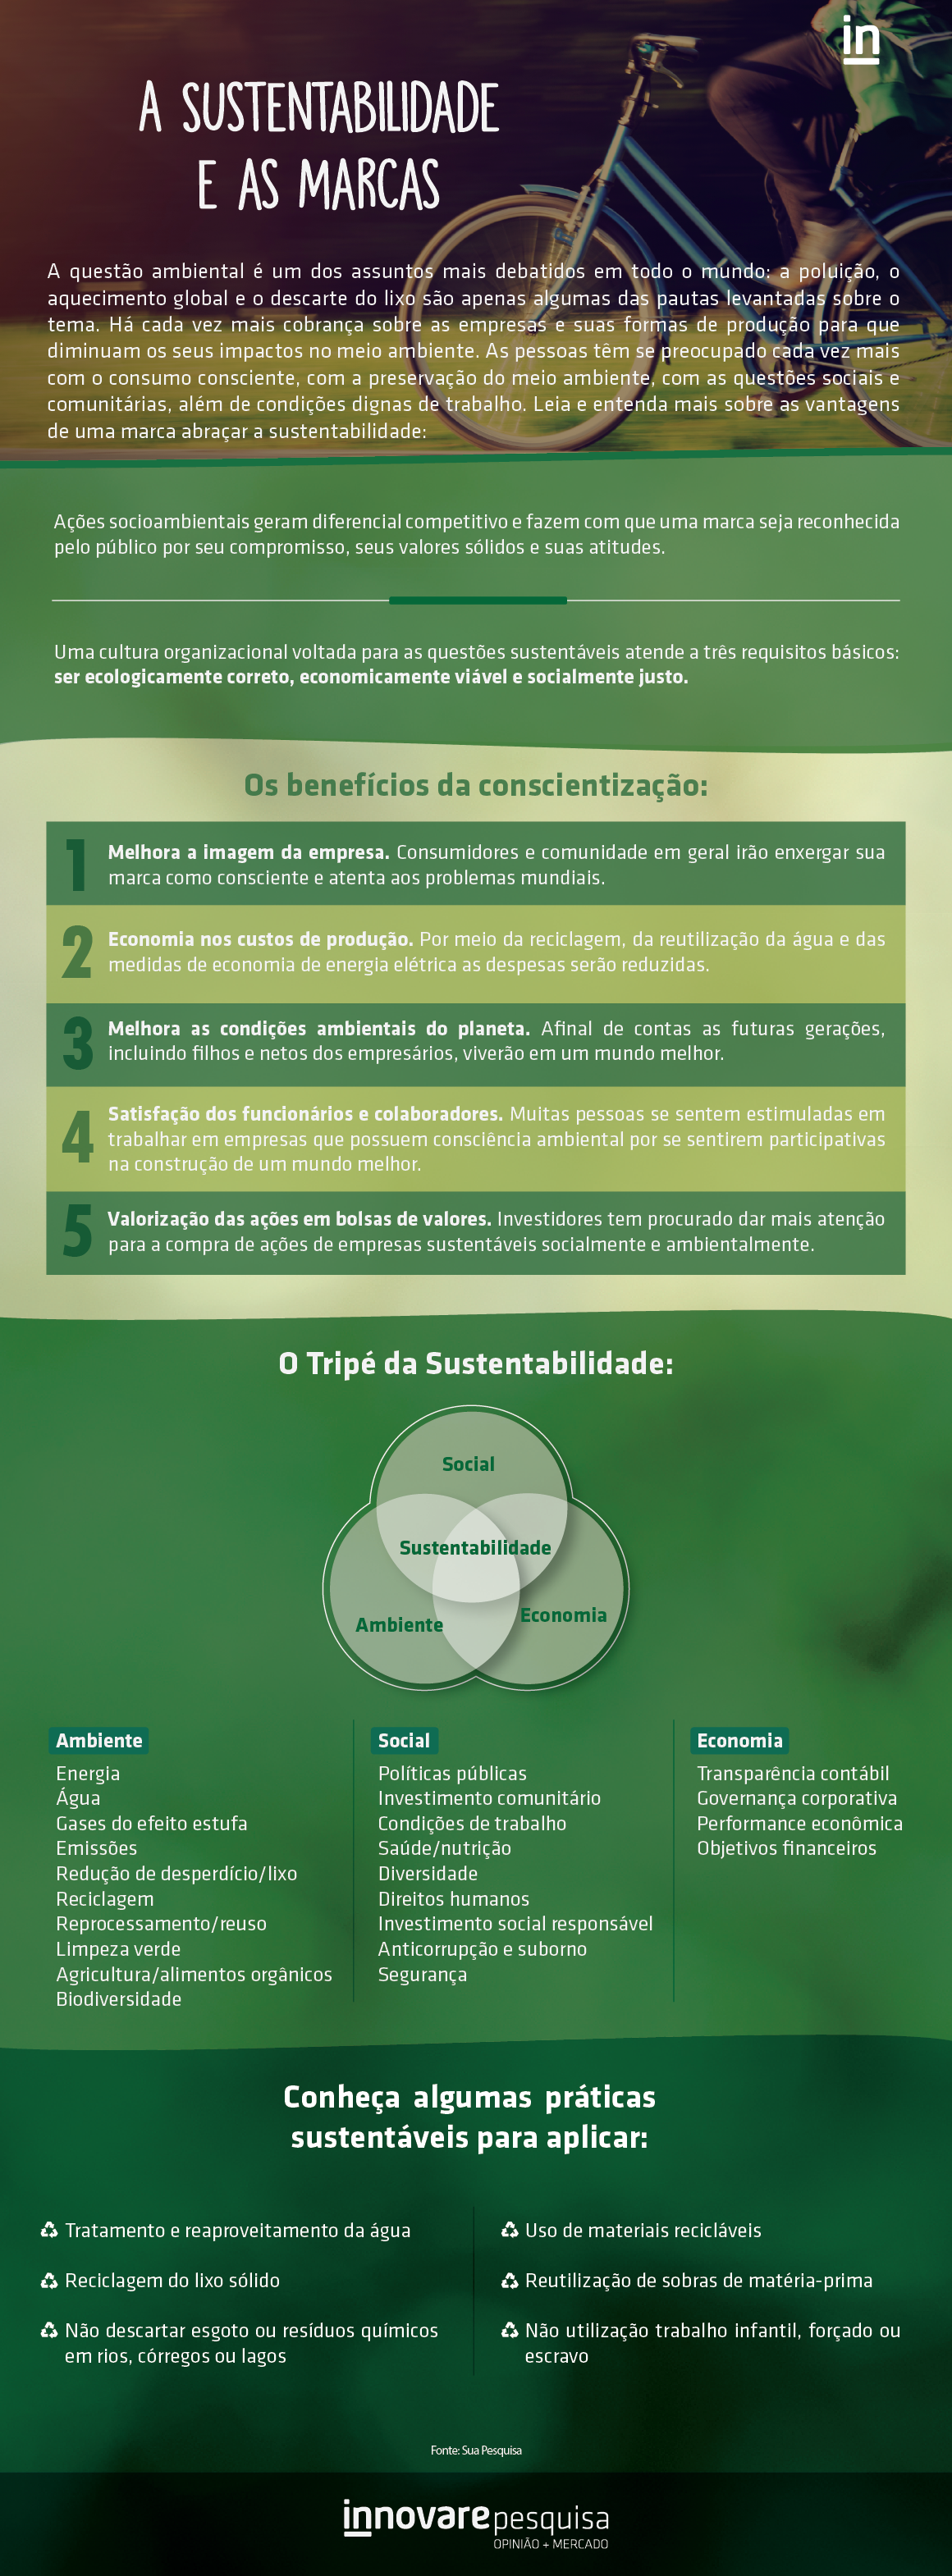 A-Sustentabilidade-e-as-Marcas
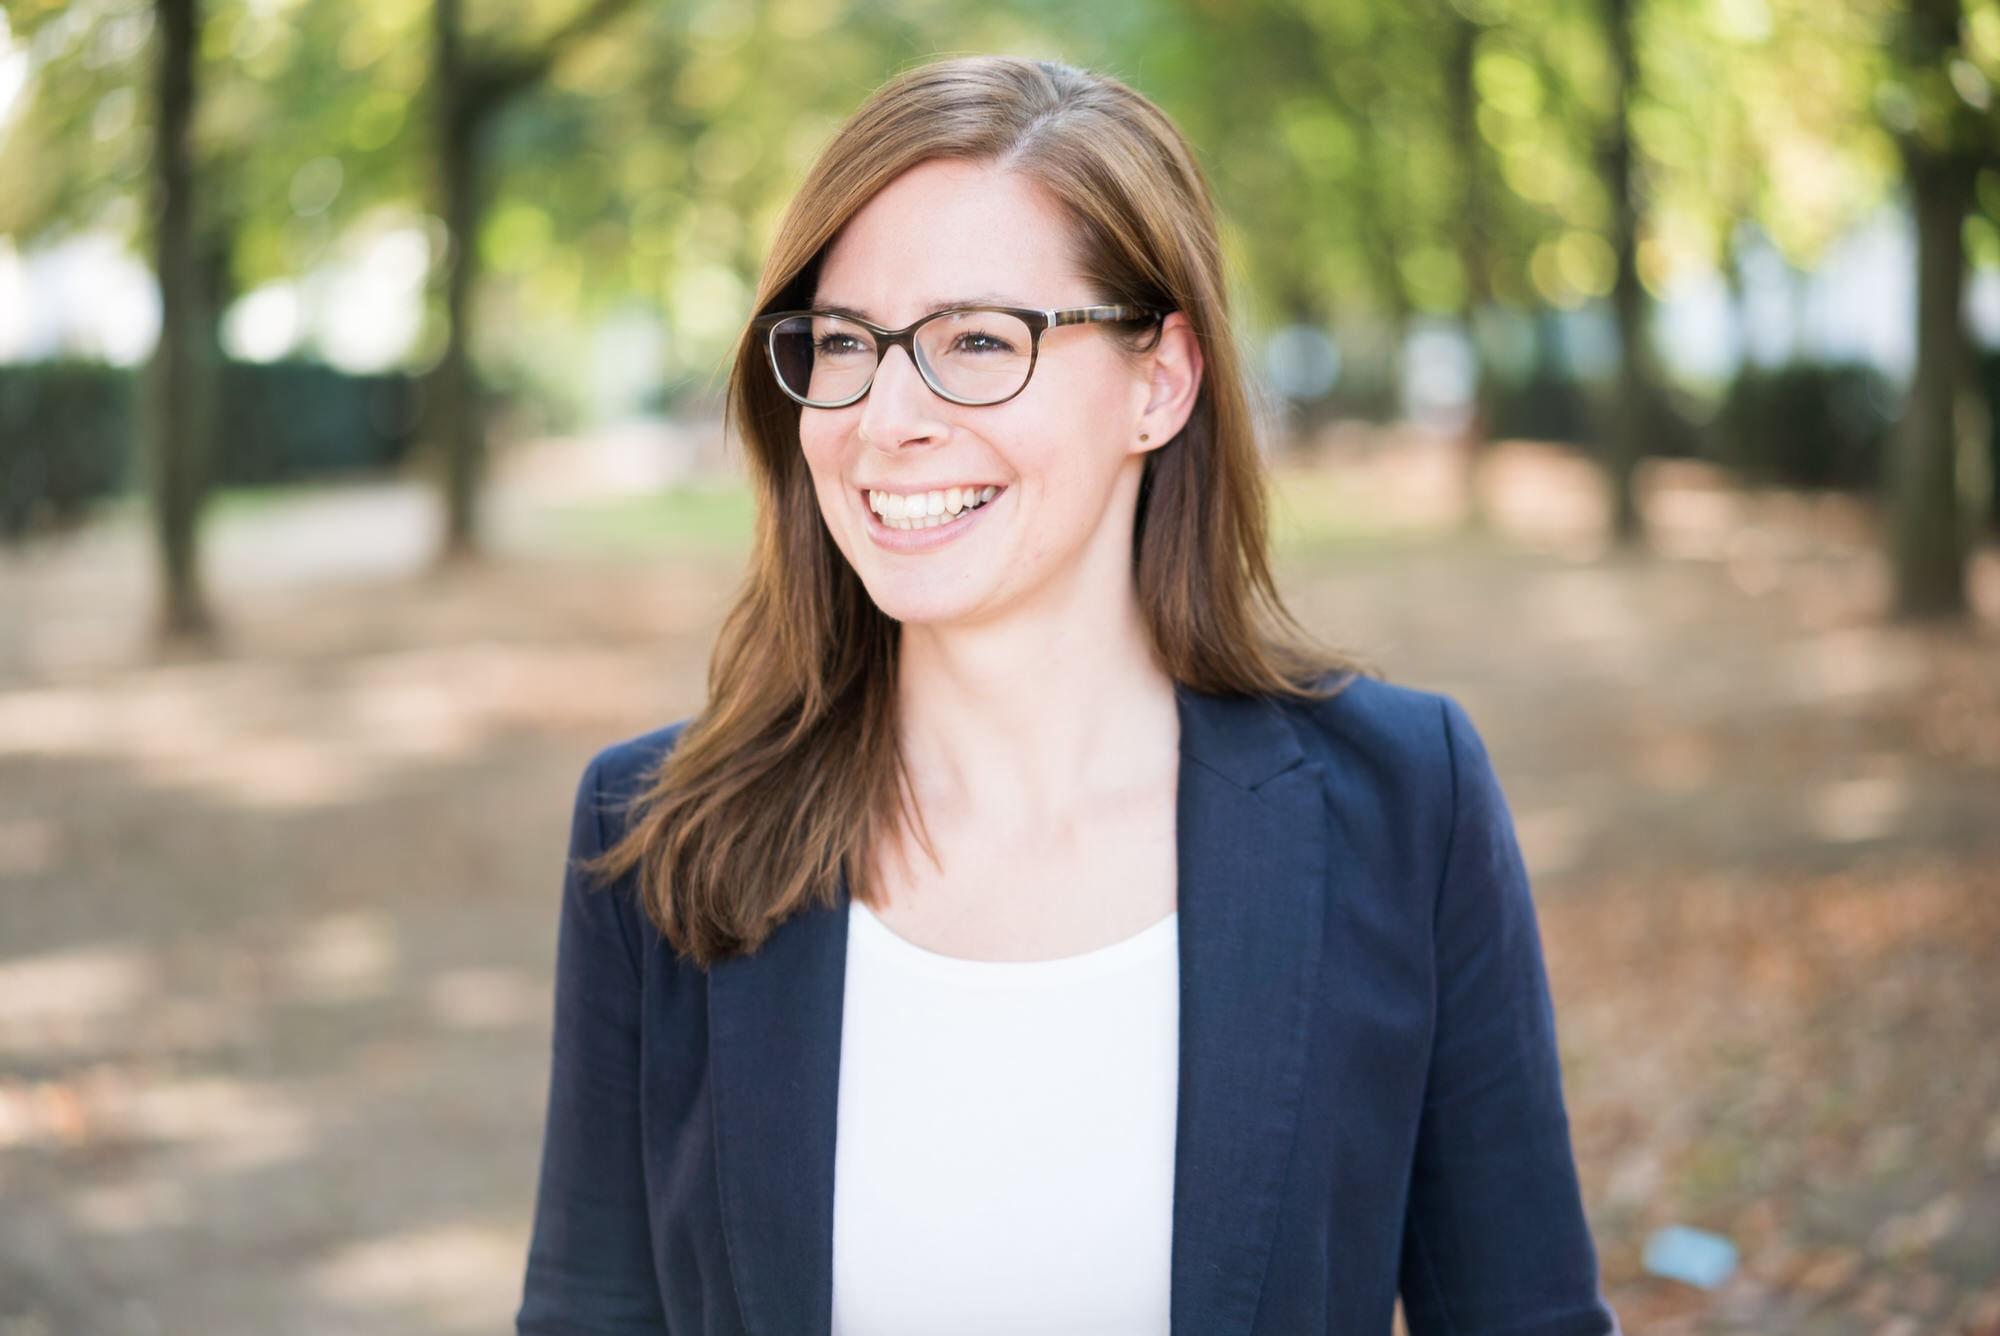 Fotograf Wiesbaden Business Portrait
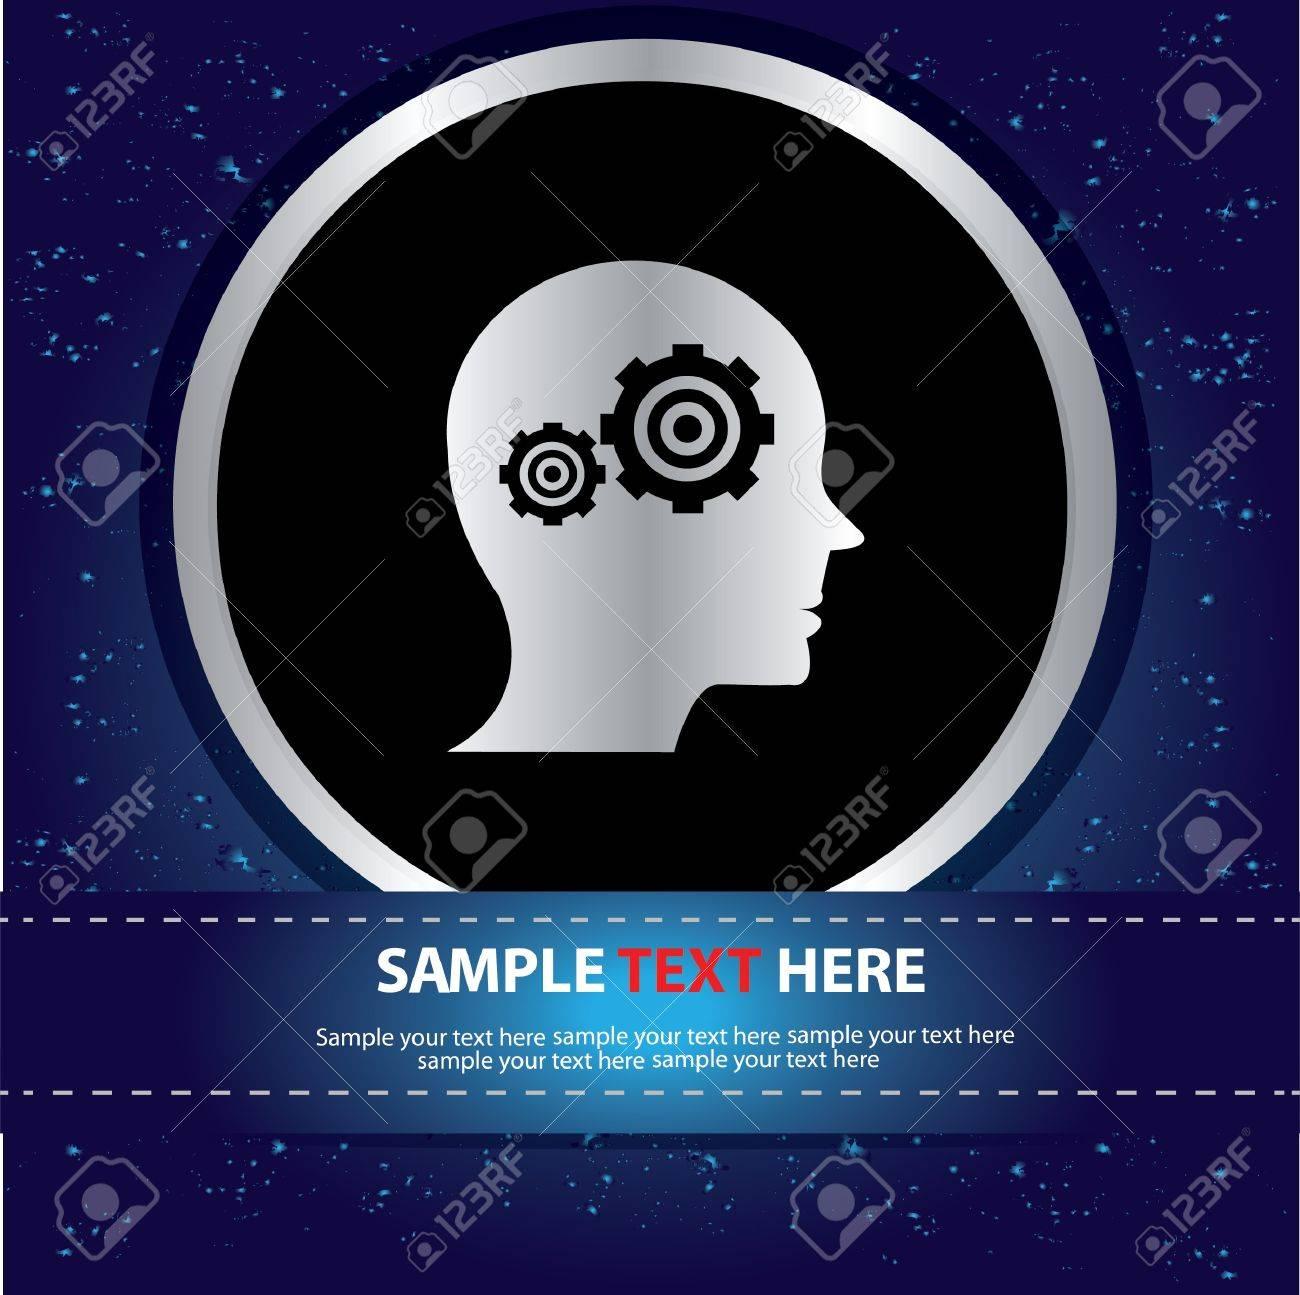 Engineersbrain symbolvector royalty free cliparts vectors and engineersbrain symbolvector stock vector 21569554 biocorpaavc Images
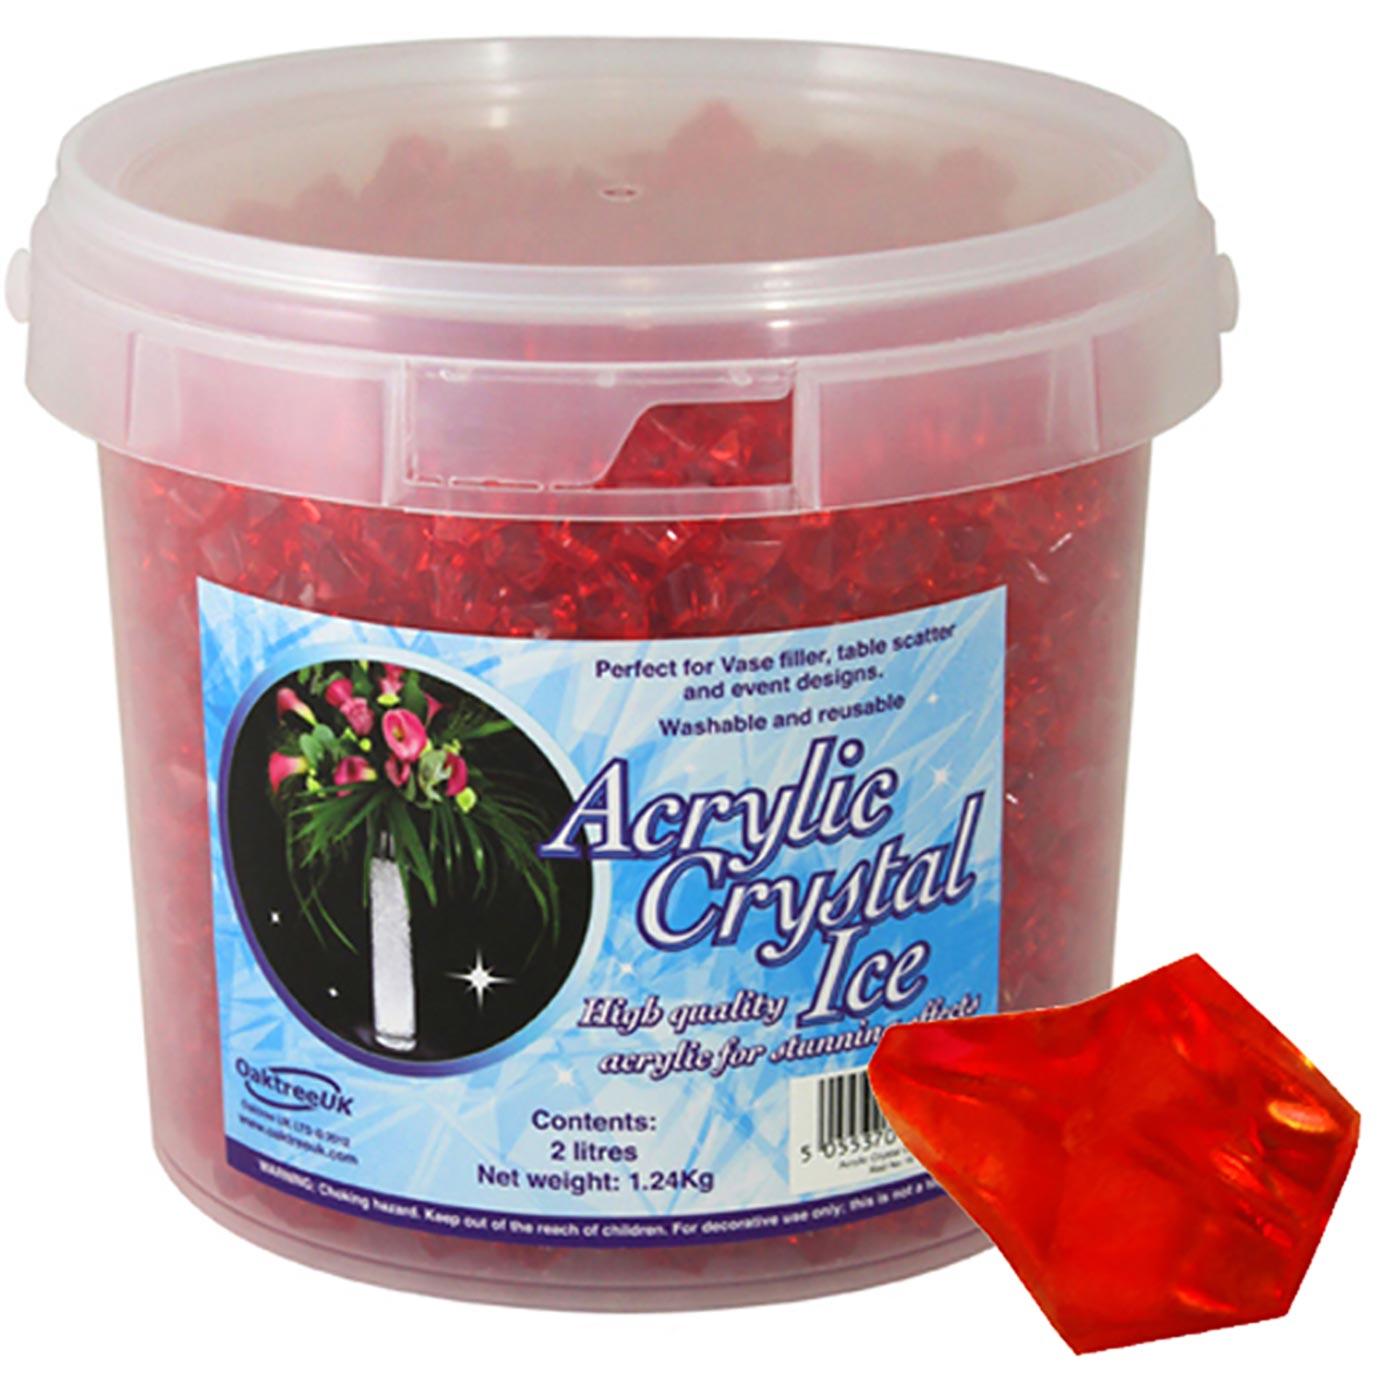 Acrylic Crystal Ice 1.4cm 2ltr 1.24Kg Red

TASK GOAL: Take the whole listing above and copy it exactly. Pictures do not go into the copy.

TASK RESPONSE:
 A-Sustentabilidade-e-as-Marcas
 Fotograf Wiesbaden Business Portrait
 Engineersbrain symbolvector royalty free cliparts vectors and engineersbrain symbolvector stock vector 21569554 biocorpaavc Images
 Acrylic Crystal Ice 1.4cm 2ltr 1.24Kg Red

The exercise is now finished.